The significance of energy-efficiency improvements in the buildings sector for regional acid precipitation, however, is debatable. Emissions from household stoves and small boilers for space heating create serious local health and environmental (including acid deposition) problems, but the range of transport of these pollutants is very short. Moreover, even if existing or improved building energy efficiency guidelines were implemented (a much more difficult task than in the industrial or electric utility sectors), energy use might not decline. Buildings are typically underheated in winter in China (with temperatures below those desirable for maintaining health, and efficiency improvements may simply allow greater health and comfort for the same level of energy consumption. This would be all to the good, but would do little about emissions of acid precursors.
Perhaps most significant from the point of view of regional transport of sulfur dioxide is electricity use in buildings. The buildings sector is electrifying quickly, as household appliances (including refrigerators, air conditioners, electric heaters, and cooking utensils) become more common, lighting levels increase, and large new commercial buildings with heating, ventilating, and air conditioning systems are built. Buildings now use about 18% of all electricity, and lighting alone (including lighting in all sectors) for about 10%. Greater efficiency in building electricity use could translate into lower emissions from power plants. Unless efficiency gains are startlingly large and rapid, however, they will do far less than the utility and industrial sector improvements discussed above. It may make more sense to first pursue greater efficiency in motors, fans, pumps, and compressors, which account for half of China's power consumption, but, if reducing sulfur emissions is the primary goal, the same caveat applies.
Overall, it appears that energy-efficiency measures could have a significant impact on emissions of sulfur dioxide. By themselves, however, they will be insufficient to prevent further large increases in total sulfur dioxide emissions, which must be curbed to prevent unacceptable levels of damage from occurring. A more complete strategy will have to involve sulfur reductions in fuels and in waste streams, particularly through increased washing of coal and sulfur removal from power plant emissions.
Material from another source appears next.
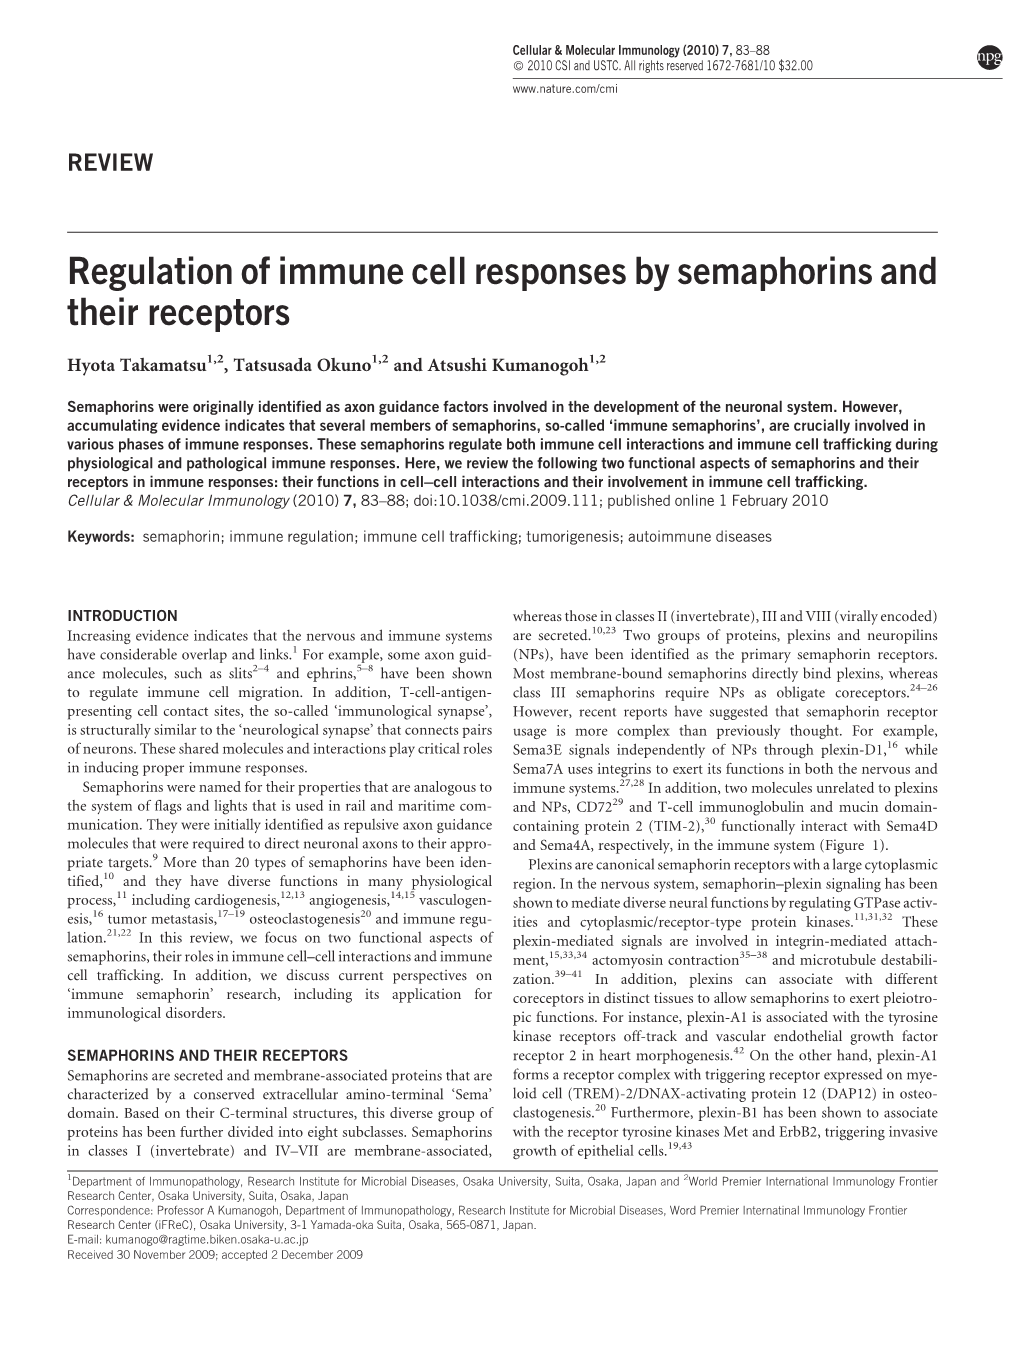 Regulation of Immune Cell Responses by Semaphorins and Their Receptors

A wide variety of conditions conspire to render difficult the task of environmentally and economically desirable levels of energy efficiency. *19 Among the major categories of obstacles (most of which are not unique to China) are:
Energy price reform has always been near the top of the list of problems drawn up by those who wish to promote energy efficiency. Formerly low prices of all energy forms blunted incentives to reduce energy costs through greater efficiency. With the freeing of coal prices and the steady rise in electricity prices, overall levels of energy prices are no longer the bottleneck they once were. The issue now is relative pricing, e.g., of delivered coal of different quality and of electricity at different times of day.
"Correctly" setting energy prices is not enough to stimulate economically and environmentally desirable levels of energy efficiency, as experience in developed countries has demonstrated. Programs of financial incentives can help overcome reluctance to adopt efficiency measures. Ironically, economic system reforms have removed many of the financial incentives to invest in energy efficiency that were created in the 1980s. Reform have swept away many of those tools along with entire sets of codes and regulations. The new, simplified tax code introduced in 1994, for instance, contained no tax rate reductions and tax holidays on energy-efficient technologies to replace such provisions in the older system. While some local administrations still provide financial incentives of the sort that the central government formerly did, the general lack of national incentive programs is a major gap.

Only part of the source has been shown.